- _Provided data_
*** Block opens ***

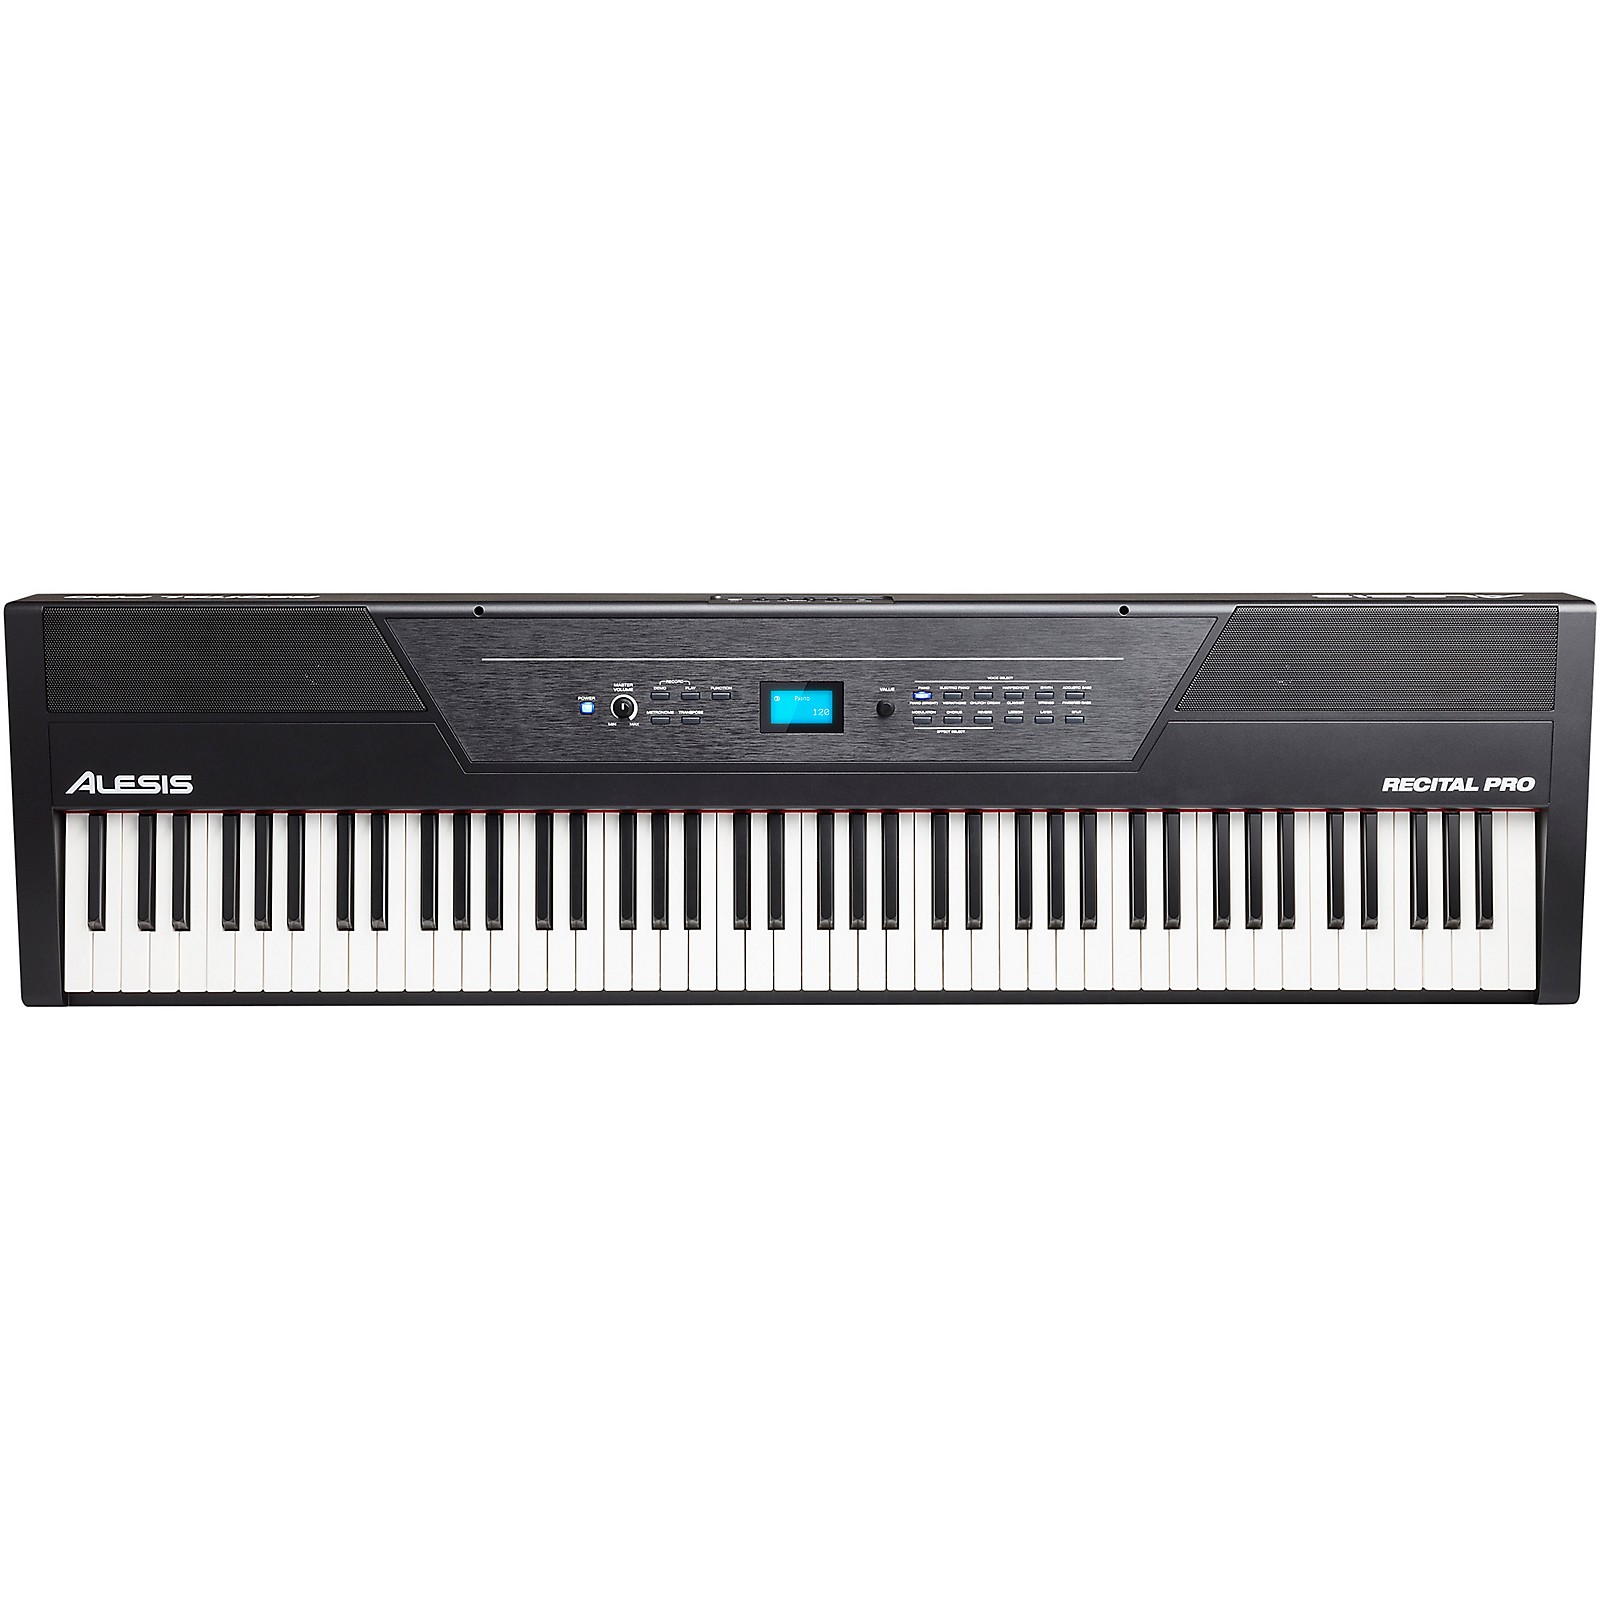 Alesis Recital Pro 88-Key Hammer Action Digital Piano
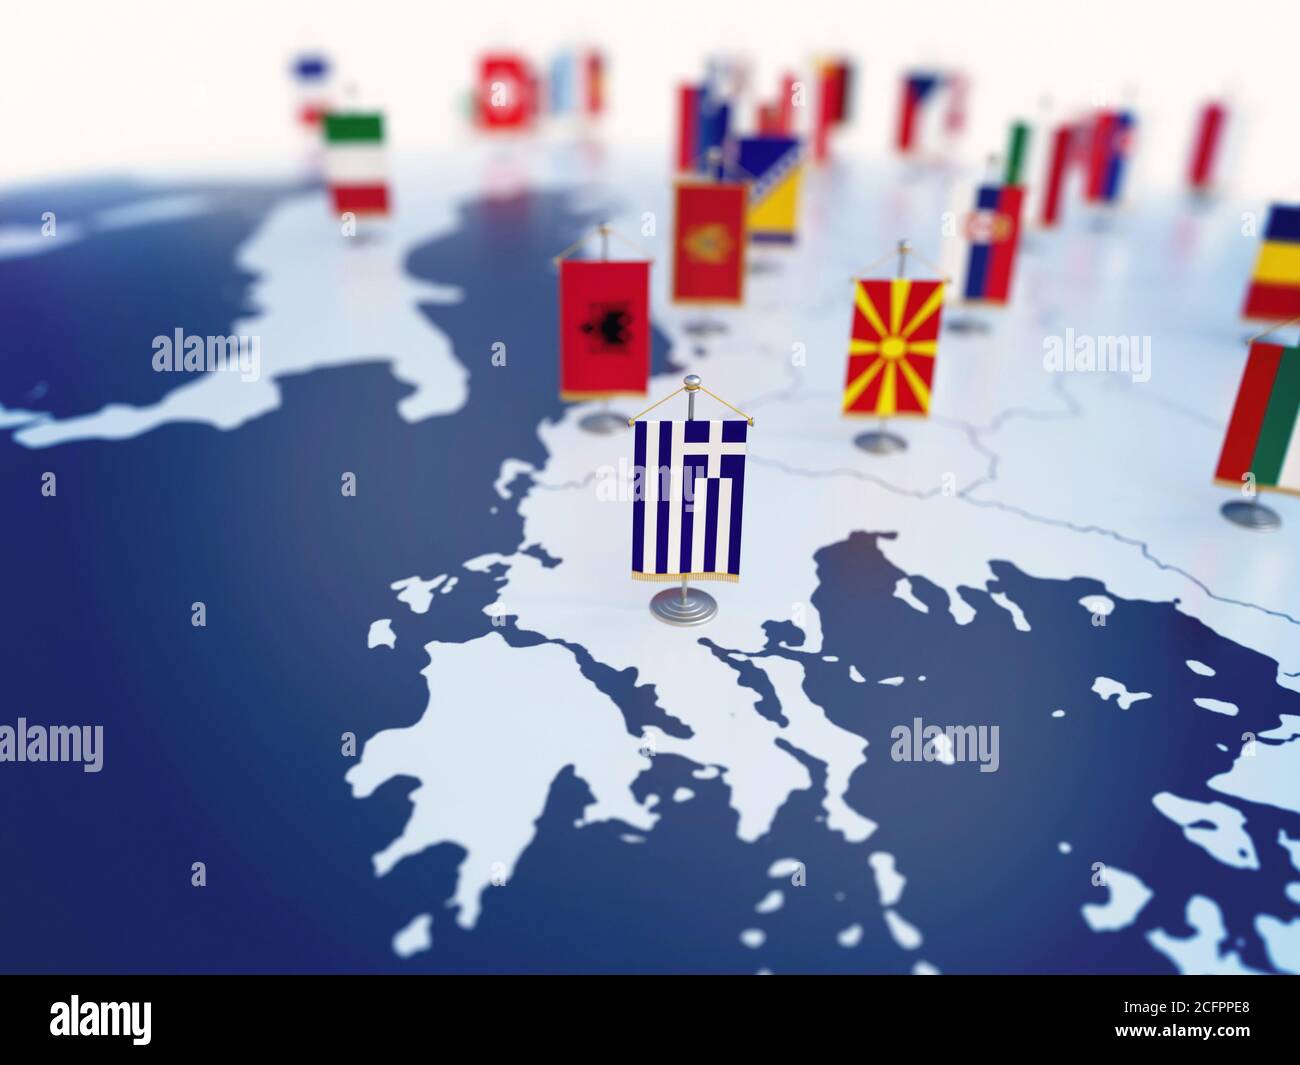 Flagge Griechenlands im Fokus unter anderen europäischen Ländern Flaggen. Europa markiert mit Tabelle Fahnen 3d-Rendering Stockfoto
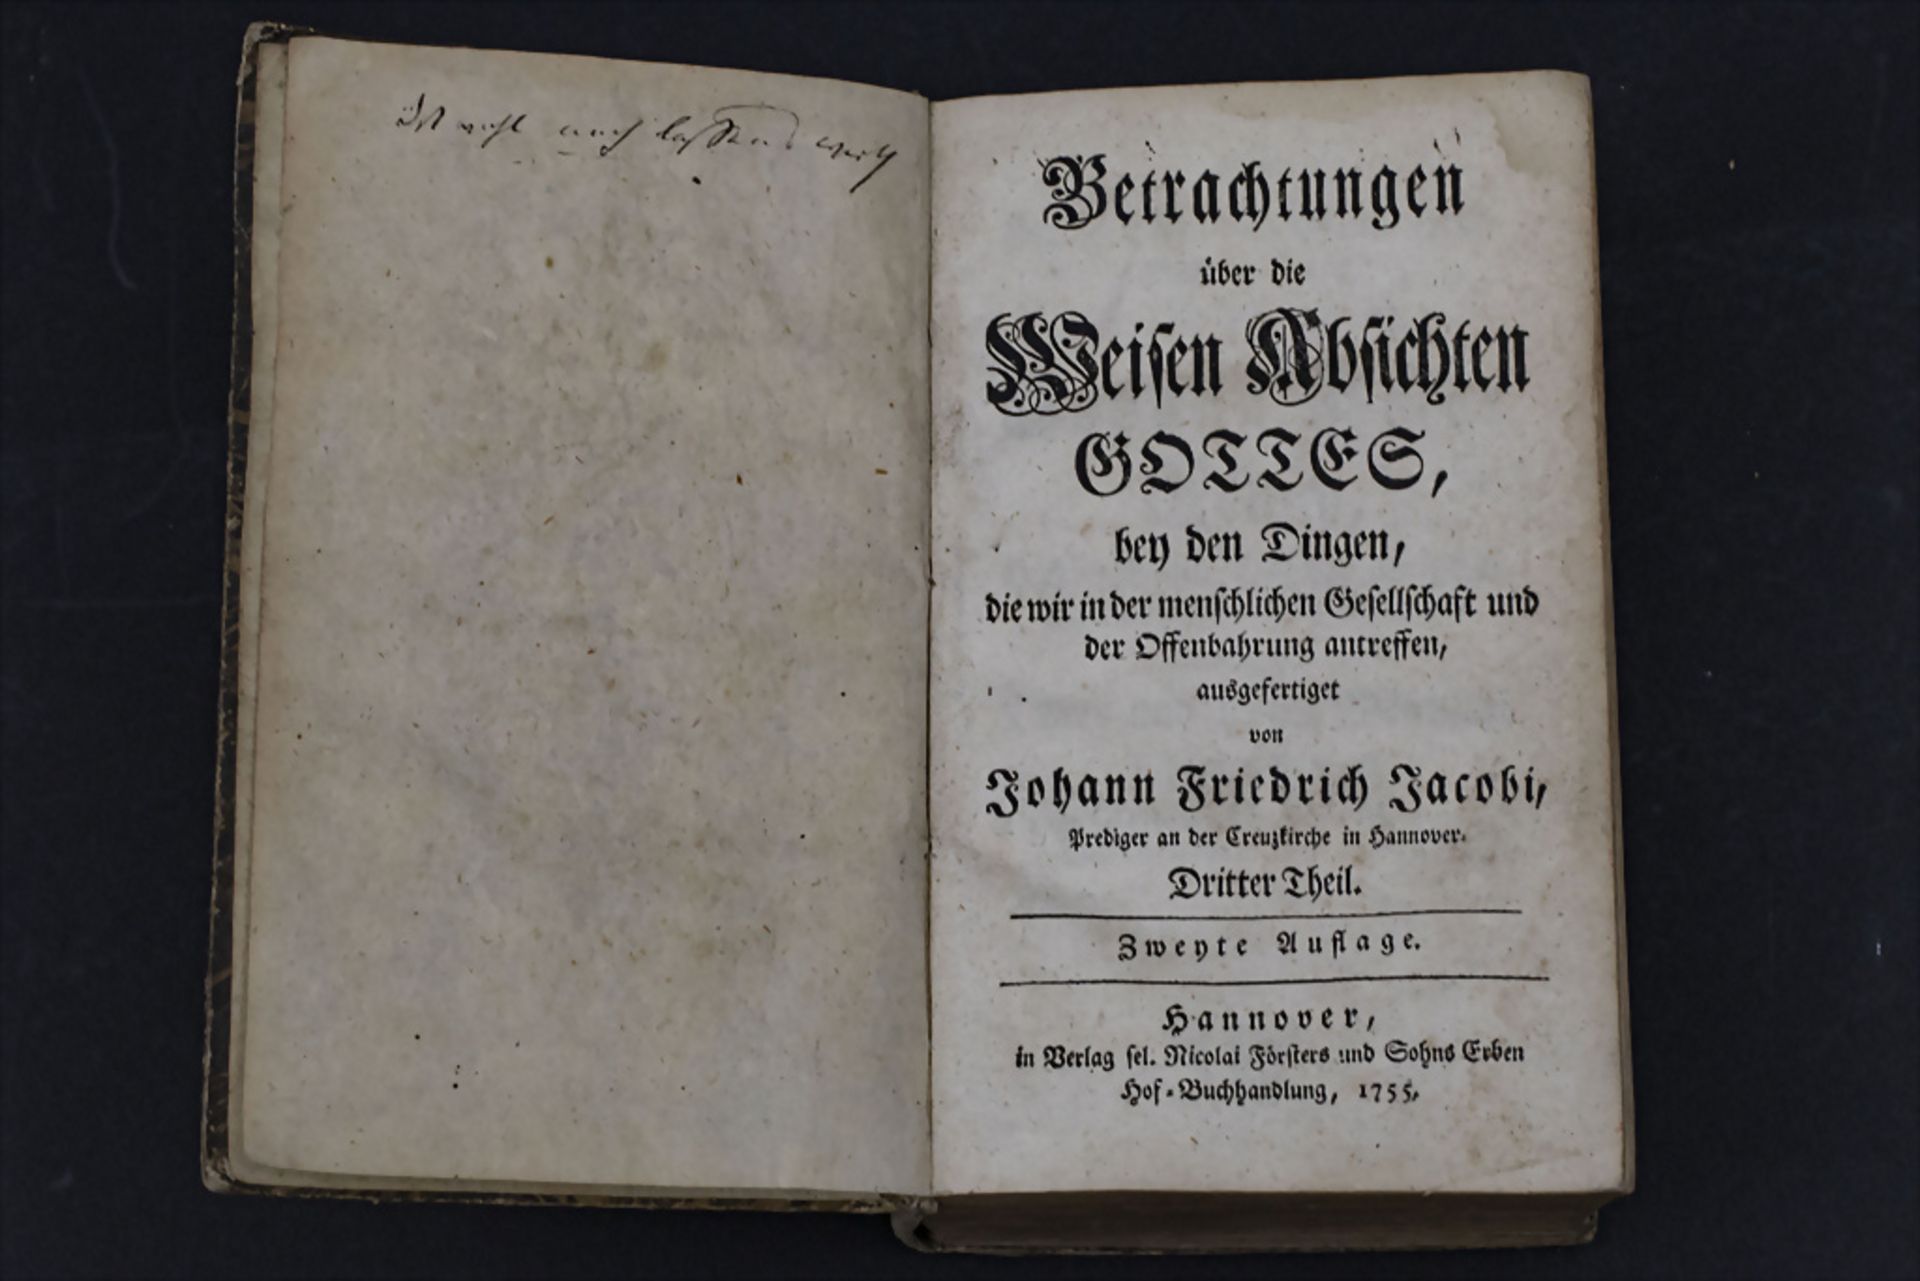 Johann Friedrich Jacobi, 'Betrachtungen über die Weisen Absichten Gottes', 1755

*** Block closes ***

- _Prompt_
Please print the data above in its entirety, exactly, but without any picture.

- _Answer space_
 Alesis Recital Pro 88-Key Hammer Action Digital Piano
 Flagge Griechenlands im Fokus unter anderen europäischen Ländern Flaggen. Europa markiert mit Tabelle Fahnen 3d-Rendering Stockfoto
 Johann Friedrich Jacobi, 'Betrachtungen über die Weisen Absichten Gottes', 1755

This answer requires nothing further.